May 12, 2009

Deep Thoughts On Small Town Management

Sitting around talking about pumpkins doesn't make them grow any faster, especially if no one put the dadburn seeds in the ground when the idea first came up!

People who have bad dogs usually have misbehaving kids so why not buy the whole town a dog-training book and save the sheriff the hassle later on?

No good town deed ever goes unpunished and all public service is compared against what a given citizen thinks someone else is getting, regardless of his or her own needs.

Irrespective of what good thing happens, there are always dozens of people who somehow take all the credit. All bad things are blamed on the current Mayor even if he lived in another state at the time.

The people who are the most opinionated usually do the least amount of actual work.

Every dog in town is bad but one's own, regardless of how many people it bites or front doors it pees on. Thus, all dog fines are a personal vendetta from that no-good Mayor and are not based on what the dog actually did - given that he/she is just a little angel - at least around the house.

People in town who don't even eat eggs will want chickens in their yard if someone else has them.

For people with junky yards, the time spent complaining about other people's yards versus cleaning up their own is about 40-to-1 - although they promise to clean up their own yard when that other no-good 'so-and-so' does - thus creating some sort of junky 'vicious cycle' of inactivity.

Far too many citizens prefer for the town to fail at something because saying "I told them so" is so much more personally satisfying than saying "that's really nice". (Heaven forbid that anyone say "hey, that's great, let me help next time!)

More often than not, the people who are visited by the sheriff the most never seem to have fertility issues - and this genetic trait extends from generation to generation - as do the sheriff visits.

There is an inverse relationship between talking to kids at the dinner table and shouting at the top of one's lungs in the front yard (shouting of any kind, except in an emergency, is a surrogate for calm, thoughtful communication - plus, everyone within ear-shot will know that the shouter is a 'hands on' individual and not a neglectful parent like all those other people).

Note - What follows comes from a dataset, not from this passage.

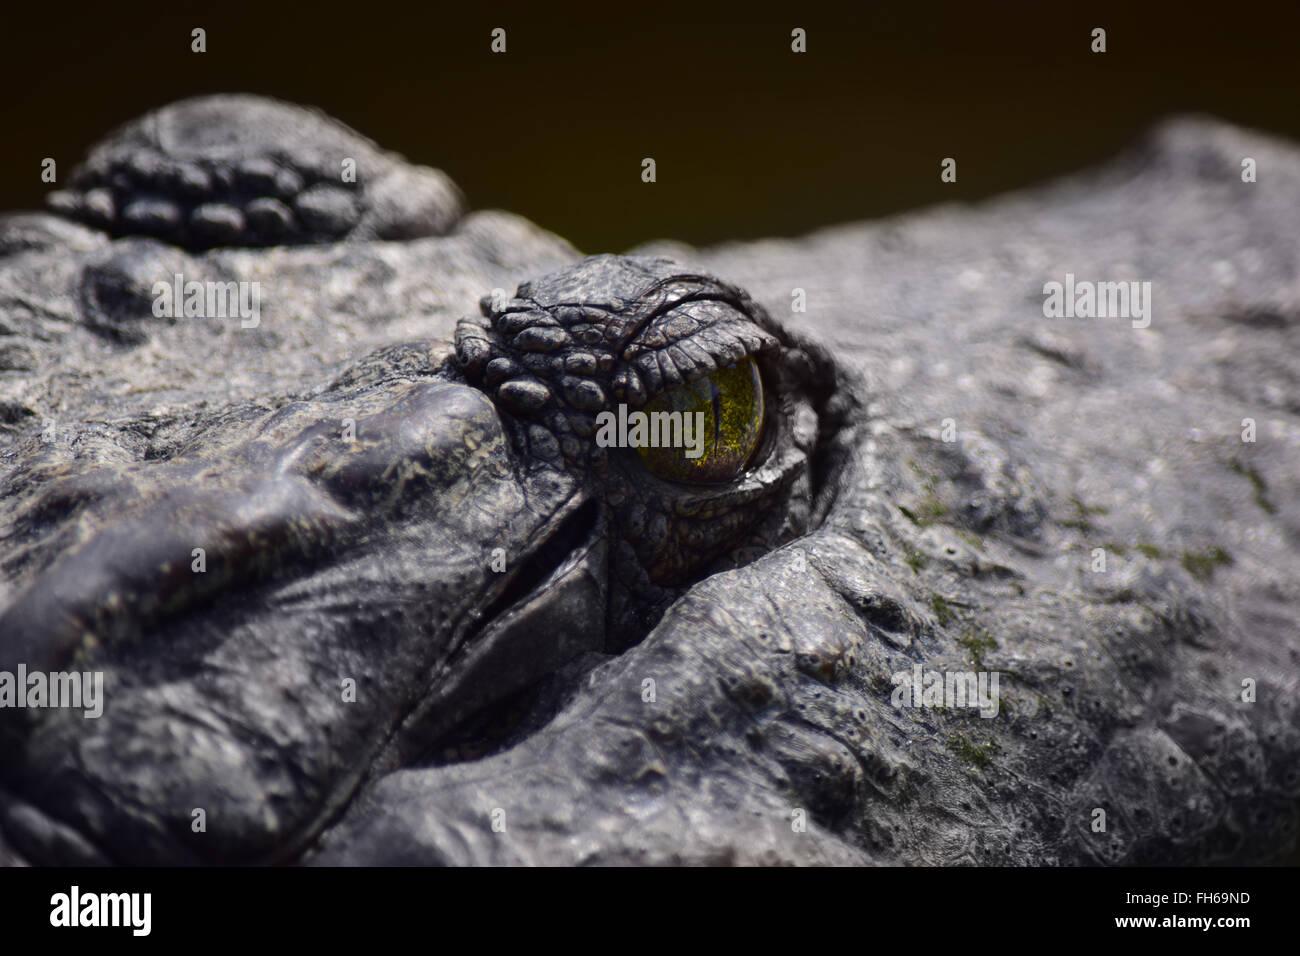 Crocodile Eye Closeup - Stock Image

For many, nothing the Town can ever do is right, and when the town does something right it was never soon enough or they just did it out of spite to prove that they can do something right just to make them look bad.

Citizens who don't obey traffic laws cannot be trusted to keep their word when working with the town to do things like clean up their yards, control their dogs or mind their kids - but ironically seem to make the most promises in regard to changing behavior.

No one hates town improvement more and works harder against it than the people who can't manage to keep their own houses and yards in order - because all disorder is relative, after all. The general axiom is 'No place is truly junky as long as there is someplace worse.'

And finally - few opportunities in life provide a venue where more good can be done for more people with the least amount of effort than when done in a small town government setting, even if no one notices but those doing it or people who haven't been in town for a while.